== What you have to do ==
Pictures are to be dropped. Everything else in the listing gets copied exactly.

== Input data ==
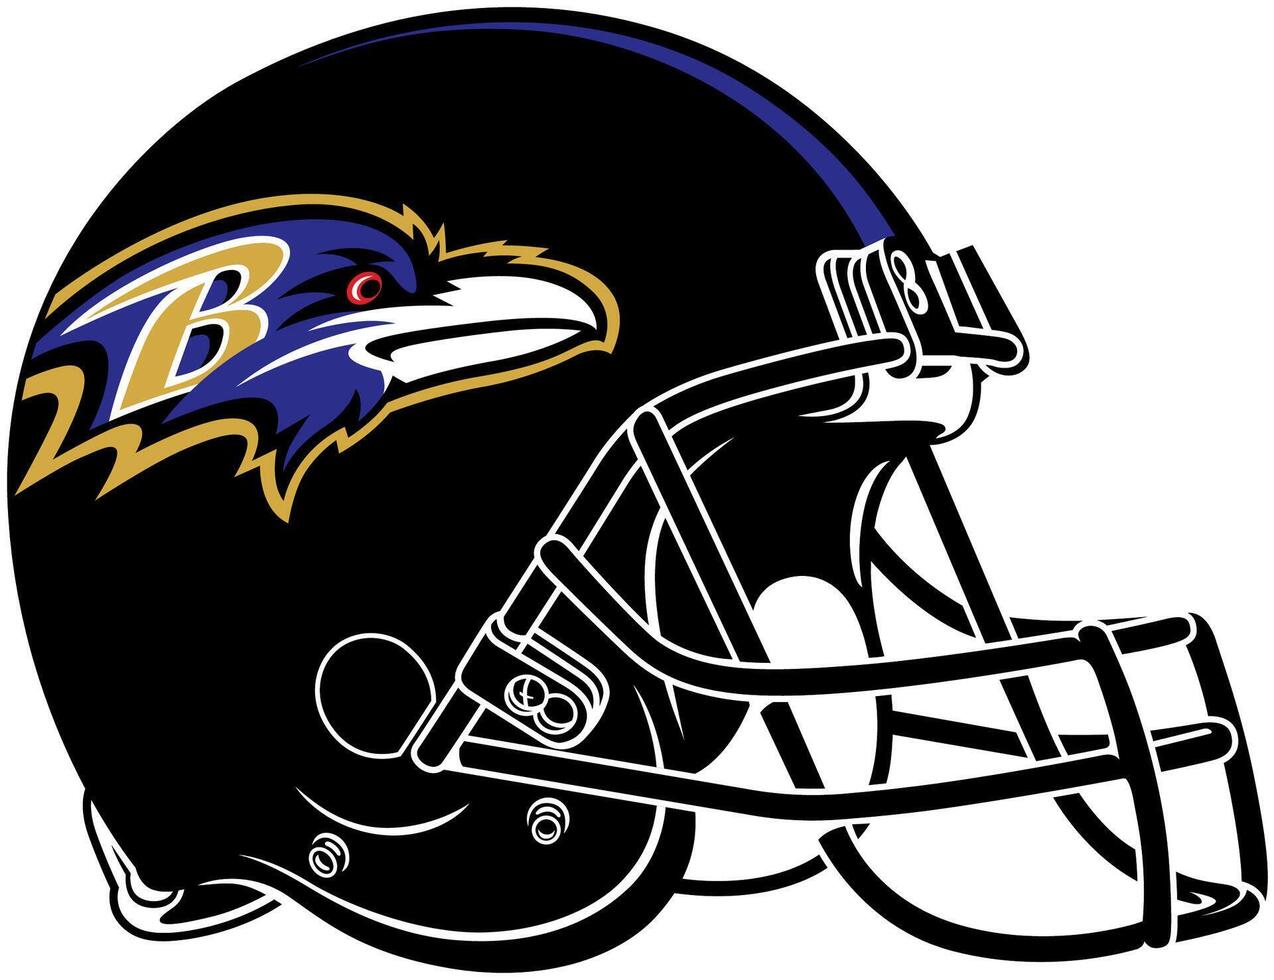 a Preto capacete do a Baltimore corvos americano futebol equipe vetor
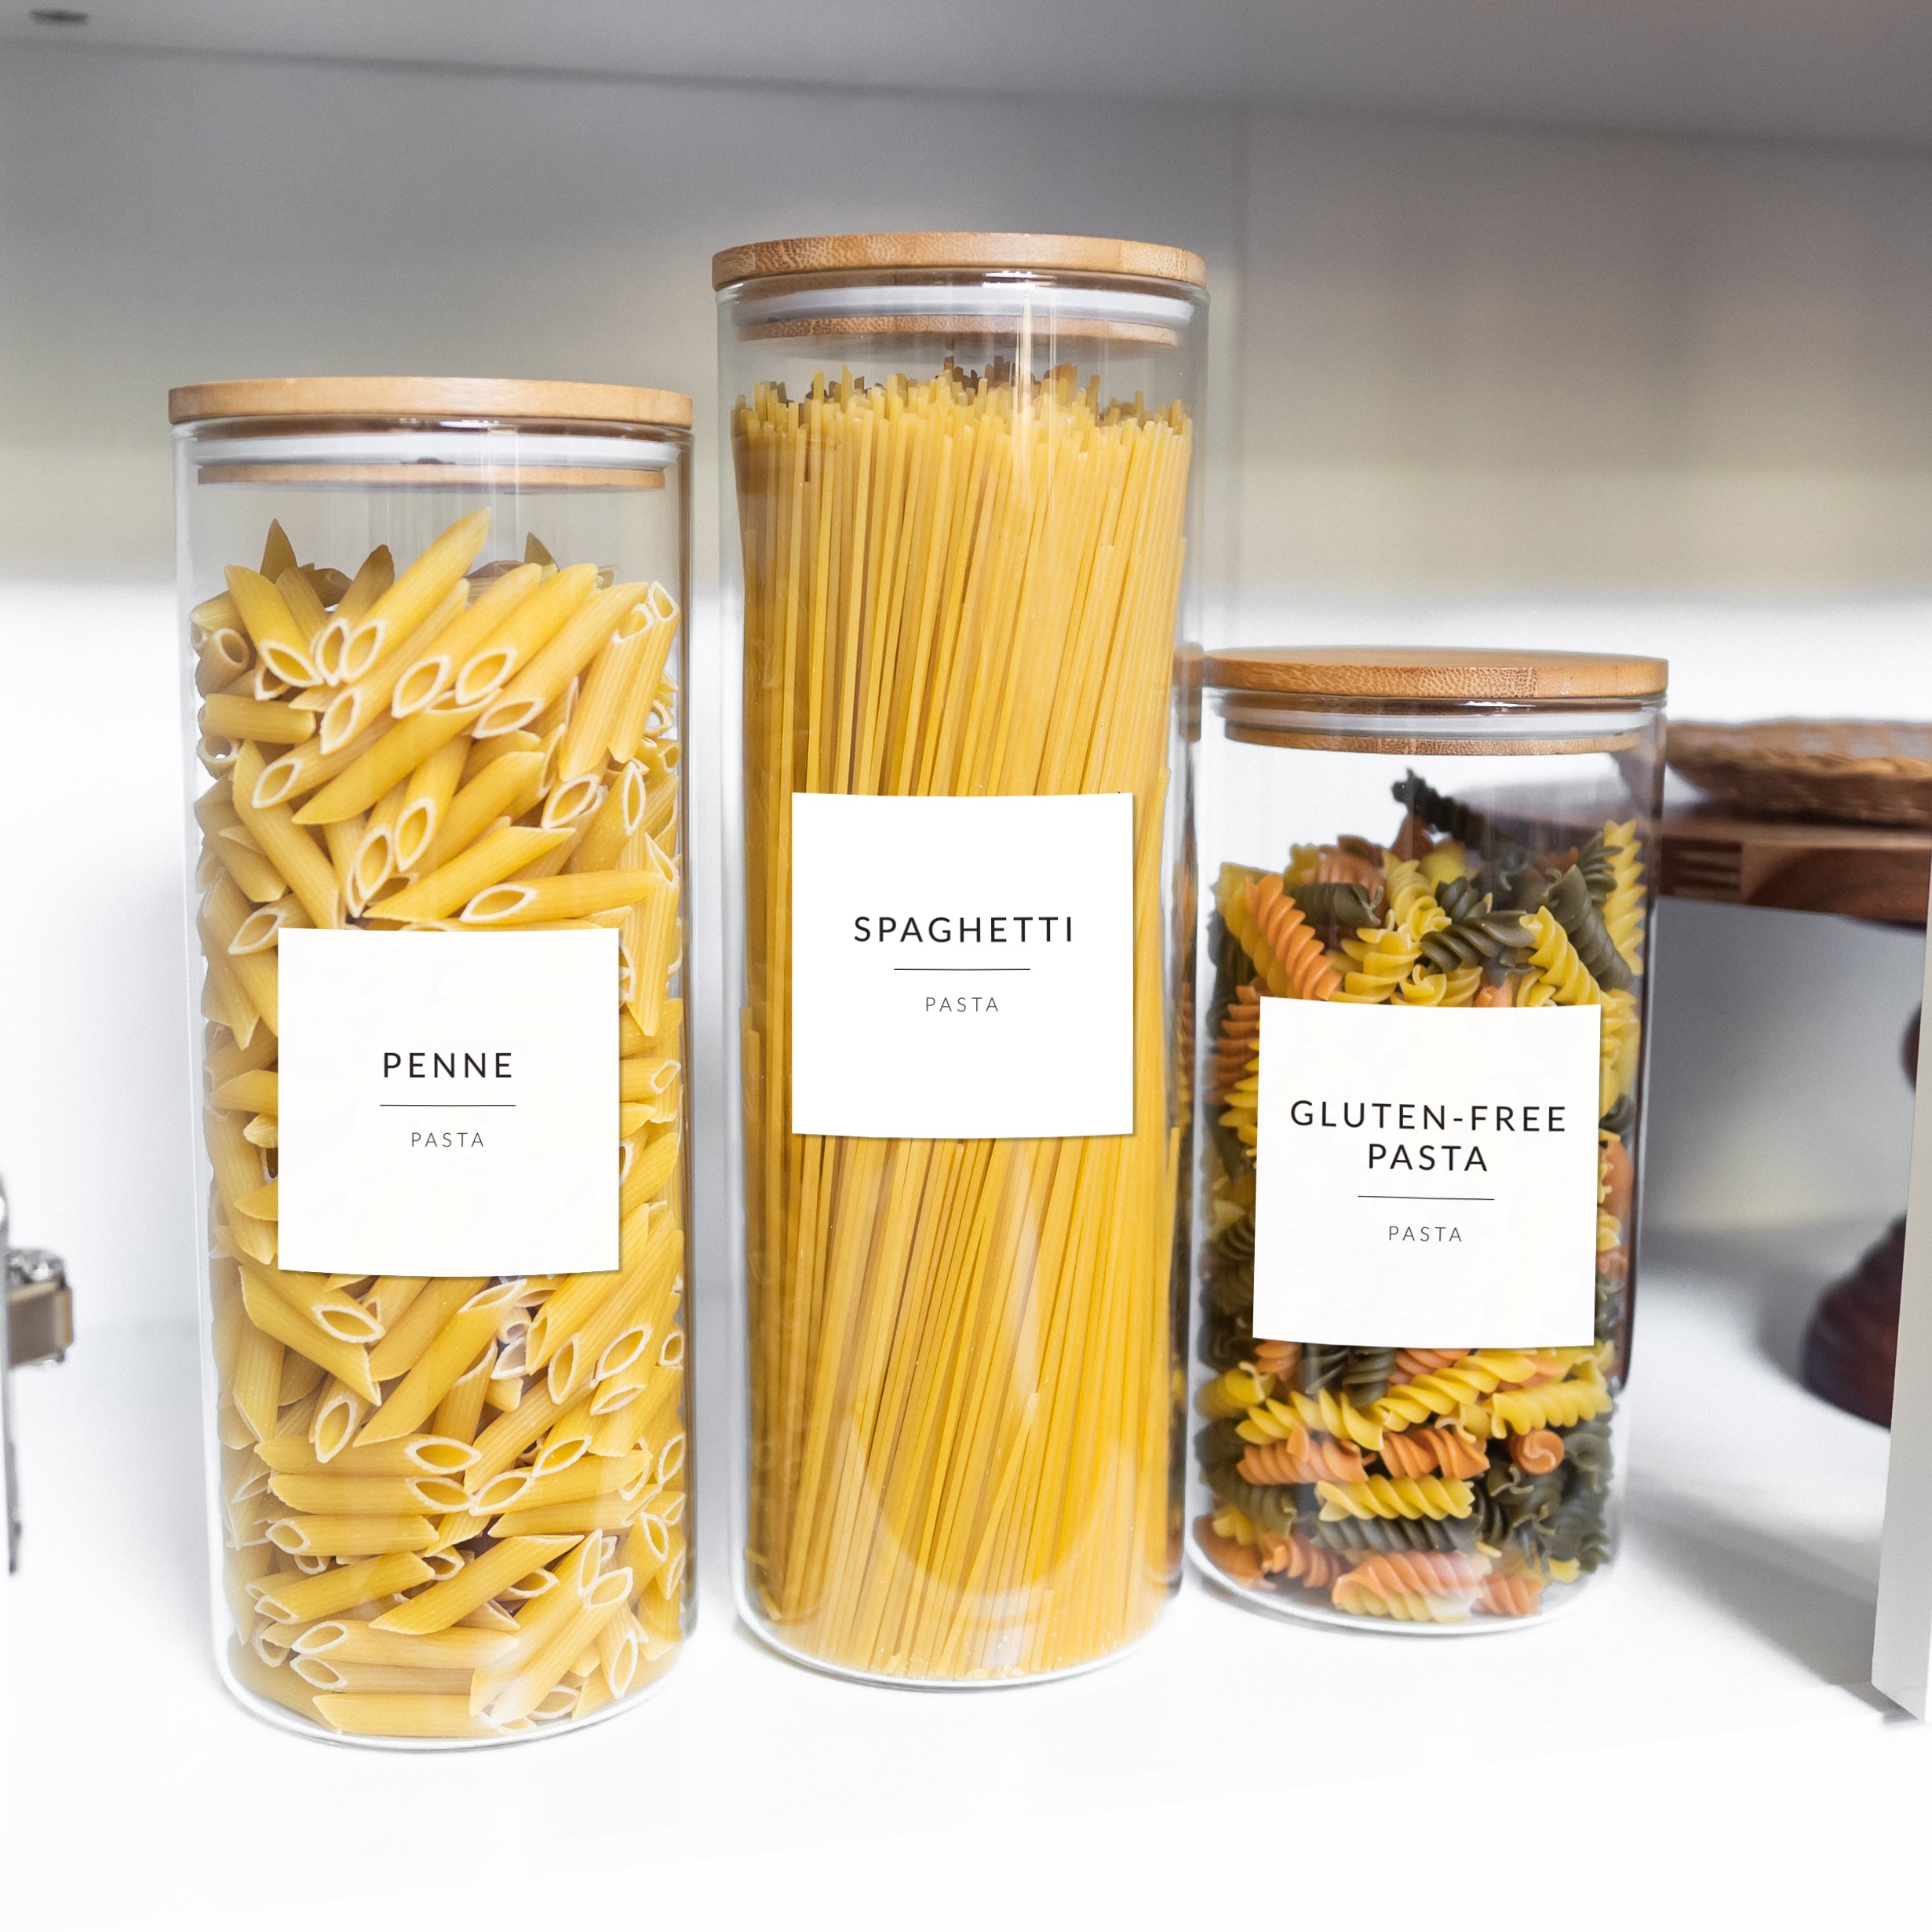 Etiquettes « Spice minimalist labels » – Designed by Cloé
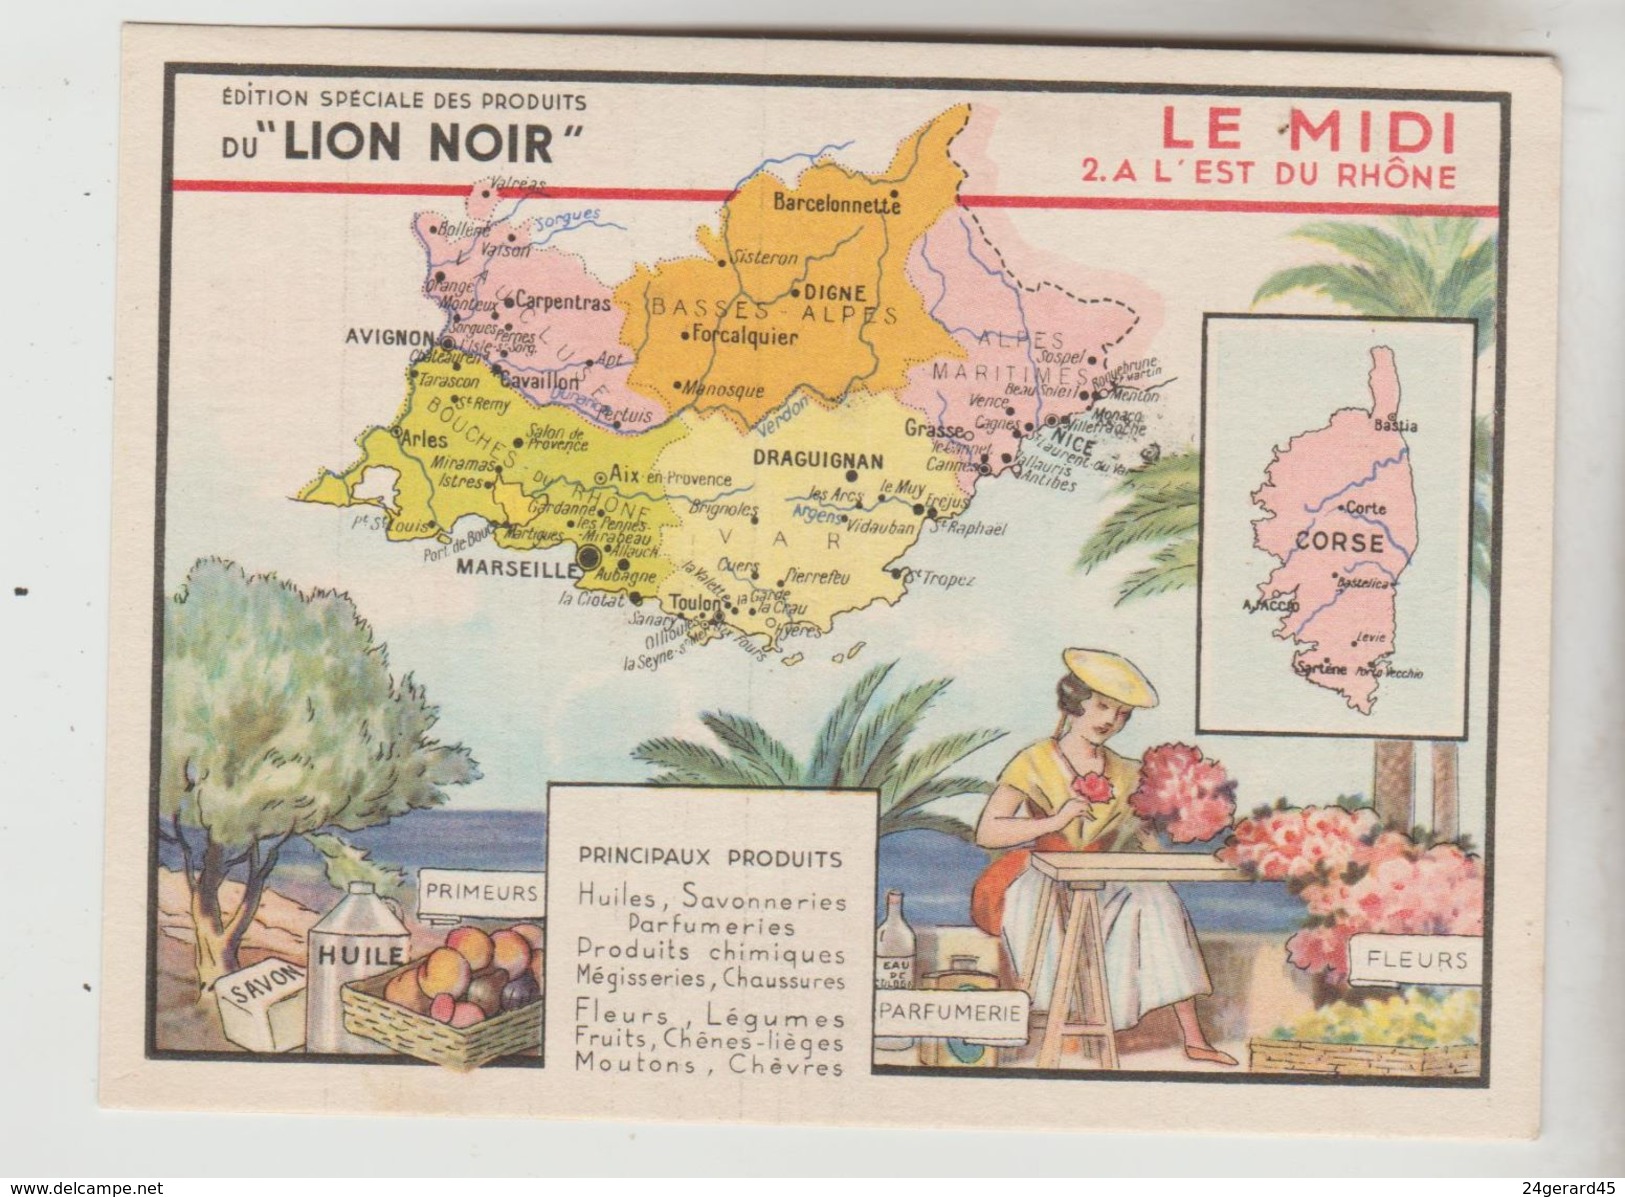 CARTON FORMAT CPSM CARTE GEOGRAPHIQUE PUBLICITAIRE - FRANCE Midi L'Est Du Rhone édition LION NOIR Fleurs Parfums Primeur - Maps
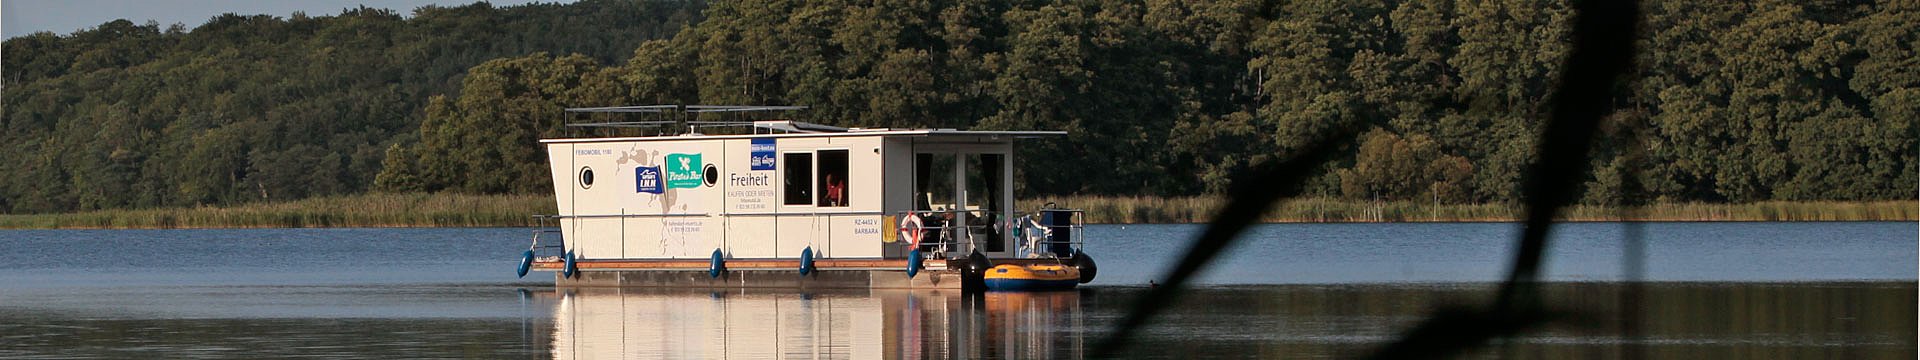 Schwimmendes Ferienhaus Febomobil mitten in der Natur - Mecklenburgische Seenplatte

== Output ==
 a Preto capacete do a Baltimore corvos americano futebol equipe vetor
 Etiquettes « Spice minimalist labels » – Designed by Cloé
 CARTON FORMAT CPSM CARTE GEOGRAPHIQUE PUBLICITAIRE - FRANCE Midi L'Est Du Rhone édition LION NOIR Fleurs Parfums Primeur - Maps
 Schwimmendes Ferienhaus Febomobil mitten in der Natur - Mecklenburgische Seenplatte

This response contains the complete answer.